Re: [PR] docs: [RFC-98] Design doc of DSv2 read support [hudi]

via GitHub Mon, 16 Mar 2026 16:32:35 -0700


vinothchandar commented on code in PR #18276:
URL: https://github.com/apache/hudi/pull/18276#discussion_r2943550828



##########
rfc/rfc-98/rfc-98.md:
##########
@@ -52,25 +54,260 @@ The current implementation of Spark Datasource V2 
integration is presented in th
 
 ## Implementation
 
-<!--  -->
+The main problem is that Hudi's write path involves indexing, precombining, 
upsert/insert routing, file sizing, and table services 
(compaction/clustering/cleaning). 
+Also `HoodieSparkSqlWriter::write` handles schema evolution, partition 
encoding, metadata updates, and multi-writer concurrency.
+DSv2's `WriteBuilder` >> `BatchWrite` >> DataWriter API is too simplistic for 
this, and moving to this entirely would be high risk.
+
+The proposed approach is hybrid: DSv2 for reads, with a DSv1 fallback for 
writes (`V2TableWithV1Fallback`) in the current state.
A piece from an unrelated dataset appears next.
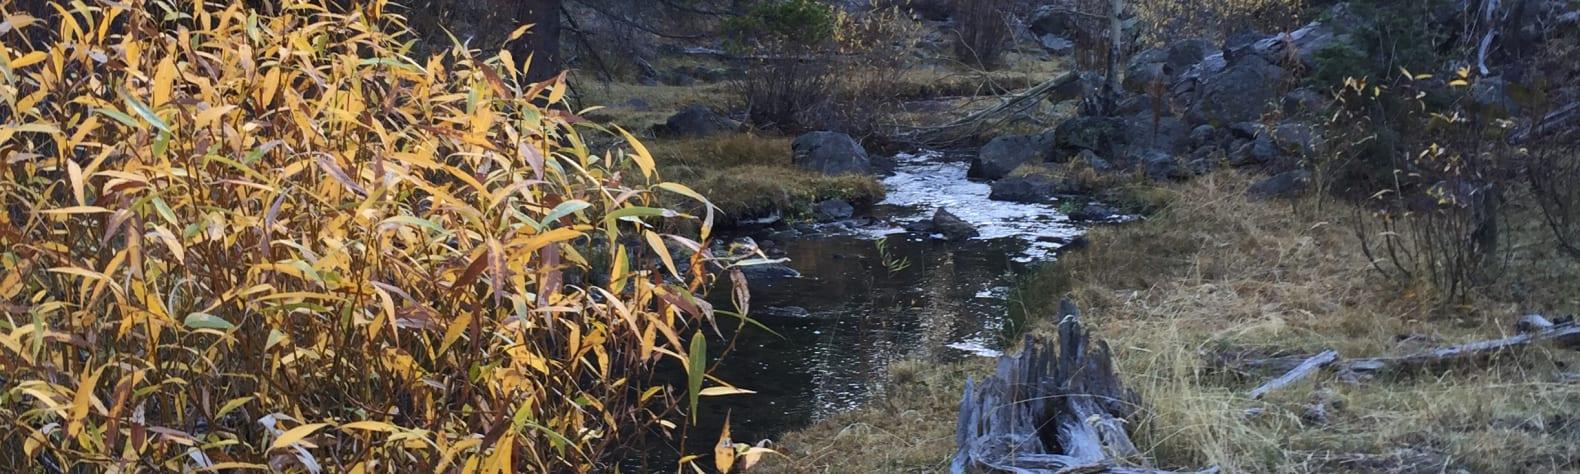 Fremont-Winema National Forest

+Later, if a DSv2 write path can be implemented without loss of performance or 
functionality, it may become possible to move to full DSv2 support.
+However, this migration should still be incremental, please check the "Future 
Work" chapter for details.
+
+Overall proposed architecture for the hybrid approach is shown in the 
following schema:
+
+![Proposed approach with hybrid V1 write and V2 
read](integration_with_DSv2_read.jpg)
+
+### DataFrame API
+
+A new SPI short name, `"hudi_v2"`, activates the DSv2 read path when using the 
Spark DataFrame API.
+The existing `"hudi"` path remains unchanged.
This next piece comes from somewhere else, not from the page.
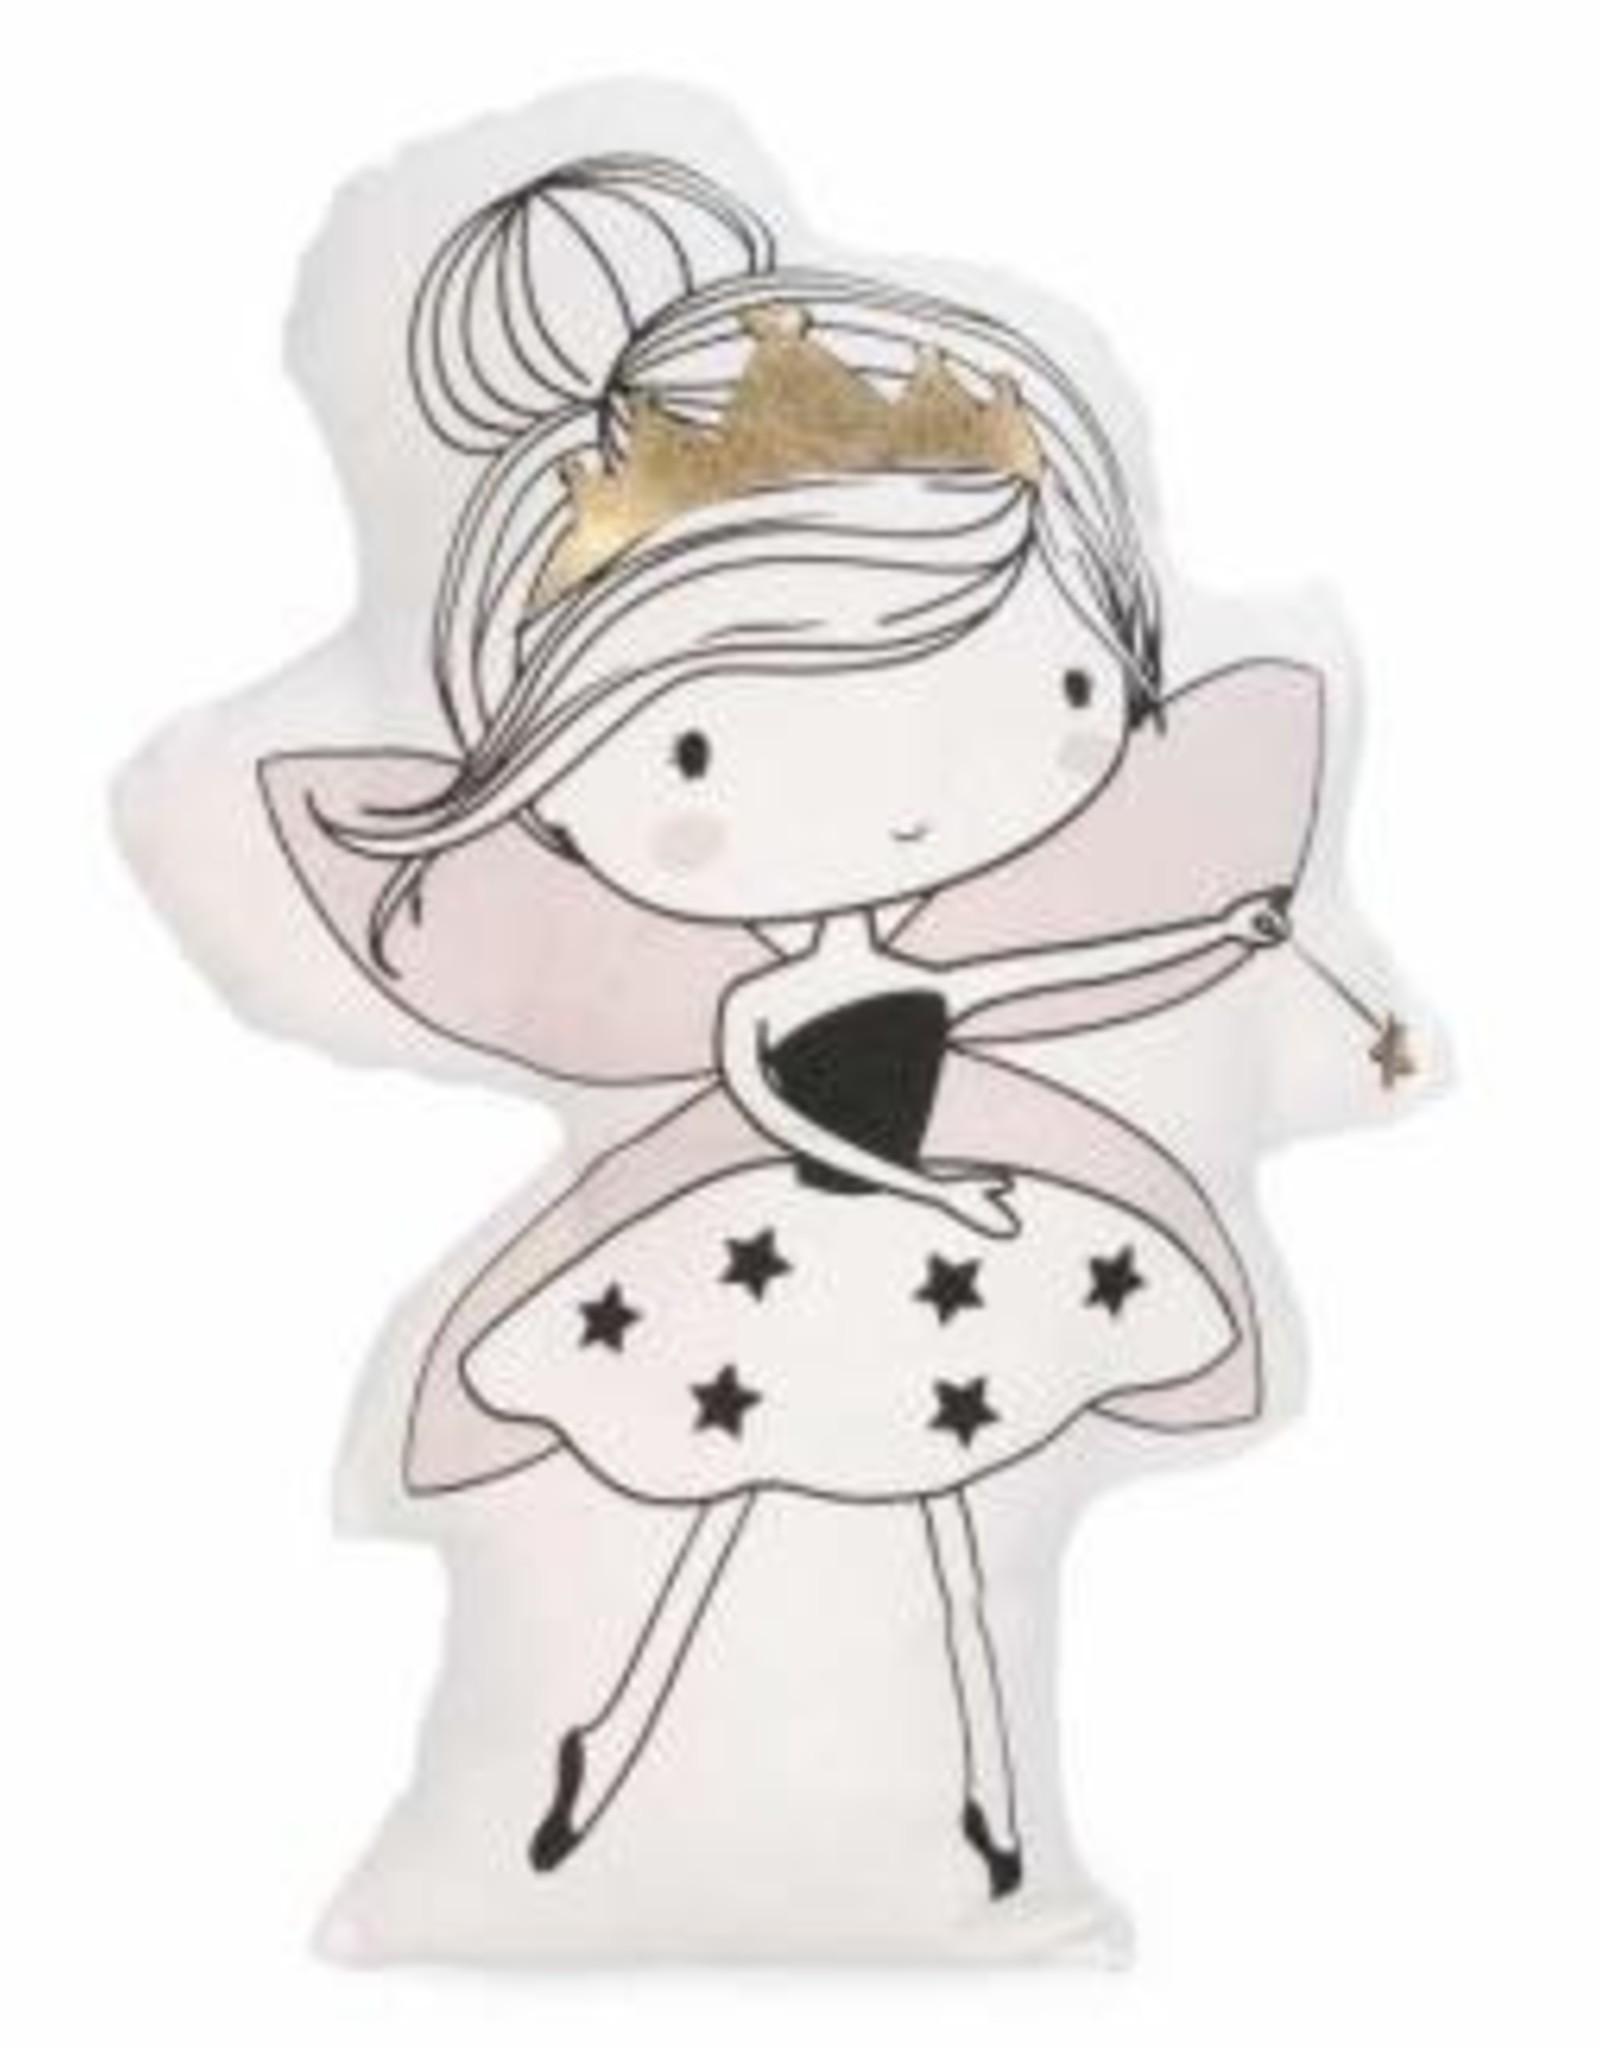 Fairy Pillow

+This is done to unblock incremental development of the DSv2 path and will be 
removed in the long term, please check the "Future Work" chapter for details.
+It also allows switching later from the current DSv1 fallback to a DSv2 write 
path, if an implementation without performance degradation is found.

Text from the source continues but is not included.